About the Compound Interest Calculator
This compound interest calculator projects how a starting balance grows when interest is earned on interest. Enter a principal, an annual rate and a number of years, optionally add a regular contribution for every period, and choose monthly, quarterly or yearly compounding. It returns the future value, the total you contributed, and the interest earned — the part that compounding created for you.
Small inputs produce surprising outputs: 1,000 at 7% compounded monthly for 30 years grows to over 8,100 without adding a cent, and regular deposits multiply that effect dramatically. Because the calculator recomputes the moment you type, it is ideal for exploring savings goals, investment scenarios and retirement projections side by side.

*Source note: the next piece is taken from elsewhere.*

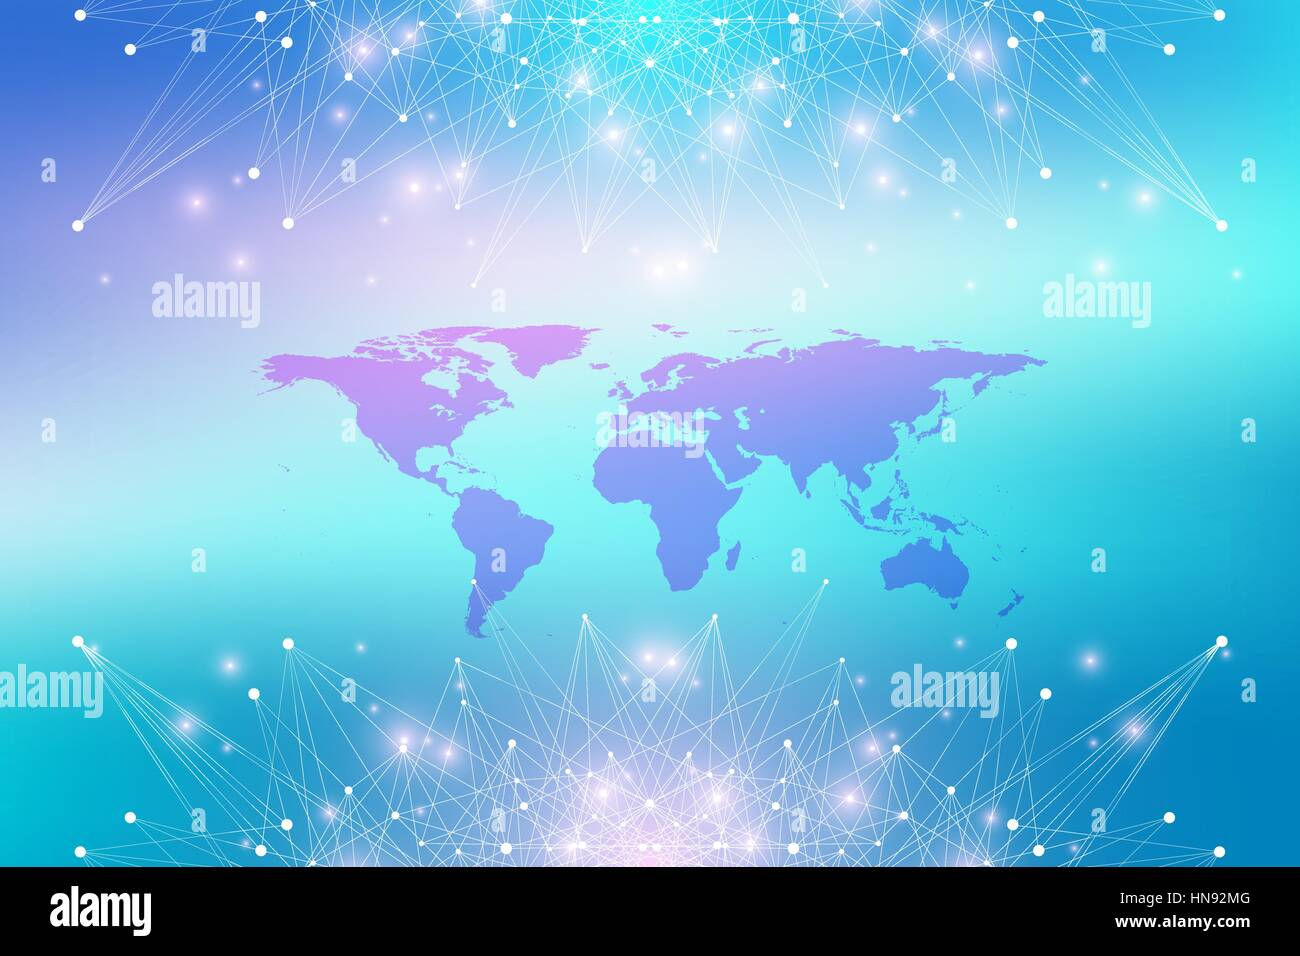 Geometric graphic background communication with world map big data geometric graphic background communication with world map big data complex with compounds perspective backdrop minimal array digital data visualization gumiabroncs Choice Image

Everything runs client-side in your browser — free, instant, with no sign-up and nothing uploaded anywhere.
Features
- Monthly, quarterly or yearly compounding options
- Optional regular contribution every period
- Future value, contributions and interest shown separately
- Ideal for savings, investing and retirement planning
- Recalculates instantly as you change inputs
- Runs fully in your browser, no sign-up
How to calculate compound interest
- Enter your starting amount (the principal).
- Enter the annual interest rate and the number of years.
- Optionally add a contribution made every compounding period.
- Pick the compounding frequency: yearly, quarterly or monthly.
- Read the future value, total contributed and interest earned.
Frequently asked questions
What is the compound interest formula?
Without contributions, the future value is A = P × (1 + r/n)^(n×t), where P is the principal, r the annual rate as a decimal, n the compounding periods per year and t the years. With contributions, this calculator compounds period by period, adding your deposit after each interest step.
When are my contributions added?
Each contribution is applied at the end of every compounding period, after that period's interest is credited. If you compound monthly, the contribution field means a monthly deposit; if quarterly, a quarterly one. Match the frequency to how often you actually plan to save.
Which compounding frequency should I choose?
Use whatever your account or investment actually does: most savings accounts compound monthly, many bonds pay quarterly or yearly. More frequent compounding earns slightly more at the same nominal rate, because interest starts earning interest sooner. Try all three options to see the difference for your numbers.
What is the difference between simple and compound interest?
Simple interest is calculated only on the original principal, so growth is linear. Compound interest is calculated on the principal plus all previously earned interest, so growth accelerates over time. Over long horizons the gap becomes dramatic — that acceleration is what this calculator makes visible.
How long does it take to double my money?
A quick estimate is the Rule of 72: divide 72 by the annual rate. At 6% your money doubles in roughly 12 years; at 9%, about 8 years. Enter your own rate and years here to see the exact figure, including the boost from any regular contributions.